A live maritime intelligence platform tracking sanctioned and dark-fleet vessels globally, built from public data and running continuously since May 2026.
Dark Fleet Watch is one of our own systems — built to answer a specific question that our clients in maritime insurance and compliance keep running into. When a vessel is renamed, reflagged and re-registered through opaque ownership chains, how do you know it’s the same hull that appeared on last year’s sanctions list?
The platform ingests global vessel-tracking signals in real time — roughly 130,000 to 220,000 position reports per hour — and cross-references them against sanctions lists published by the US Treasury, the UK Foreign Office, and Ukrainian defence intelligence. On top of that sits a behavioural layer that watches for the things a static list cannot see: AIS blackouts, implausible positions, proximity to known transshipment activity.
At any given moment the platform is monitoring around 2,300 vessels under active designation, drawn from more than 3,600 individual sanctions entries across multiple lists. A vessel that appears on three different lists is one vessel with three pieces of corroborating evidence — the sort of distinction that matters when a claim is later examined.
For any flagged vessel, the platform produces a dated evidence record: what was knowable, and when. That is the artefact a compliance officer needs when a regulator asks the same question later.
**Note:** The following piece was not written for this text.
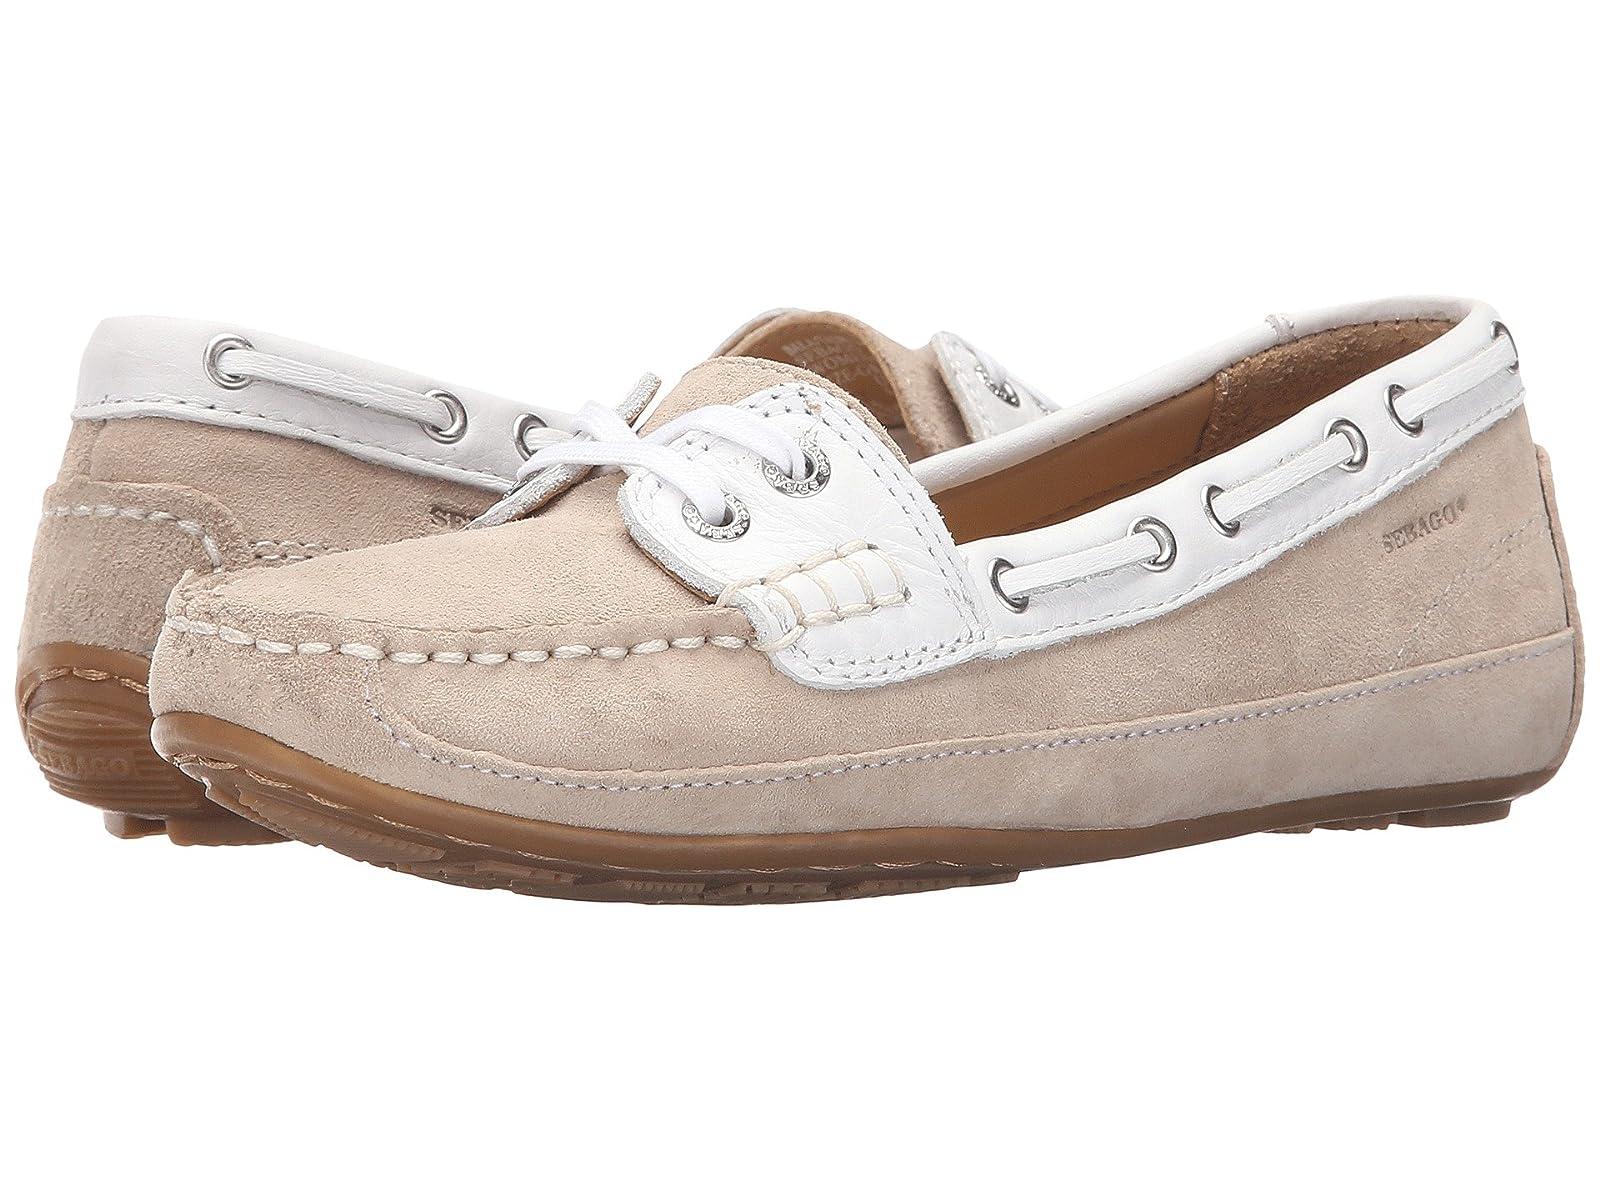 Sebago BalaSelling fashionable and eye-catching shoes

A single 4 GB virtual server. PostgreSQL with the TimescaleDB extension handles the time-series data — currently around 100 million position records across a rolling thirty-day window, automatically pruned. FastAPI serves the web interface; PM2 supervises the ingestion, detection and refresh services independently, so a failure in one does not cascade to the others. The whole thing runs for less than £75 per year in infrastructure.
The database work here is where the interesting engineering lives. A single query rewrite reduced the front-page load time from 45 seconds to 0.3 seconds — a factor of 130 — by teaching Postgres to seek per vessel rather than scan across all of them. Retention policies keep the working set stable indefinitely without operator intervention. Ingestion has survived — and correctly diagnosed — a two-week upstream data outage without corrupting the historical record.
Because it demonstrates the shape of database work we do for clients: taking a messy, heterogeneous world of public data (sanctions lists in three different XML dialects, a Cloudflare-protected Ukrainian government catalogue, a real-time WebSocket feed) and turning it into something quiet, reliable, and answer-shaped.
The same pattern — ingest, structure, monitor, alert — sits under most of the intelligence work After the Rain builds for its clients.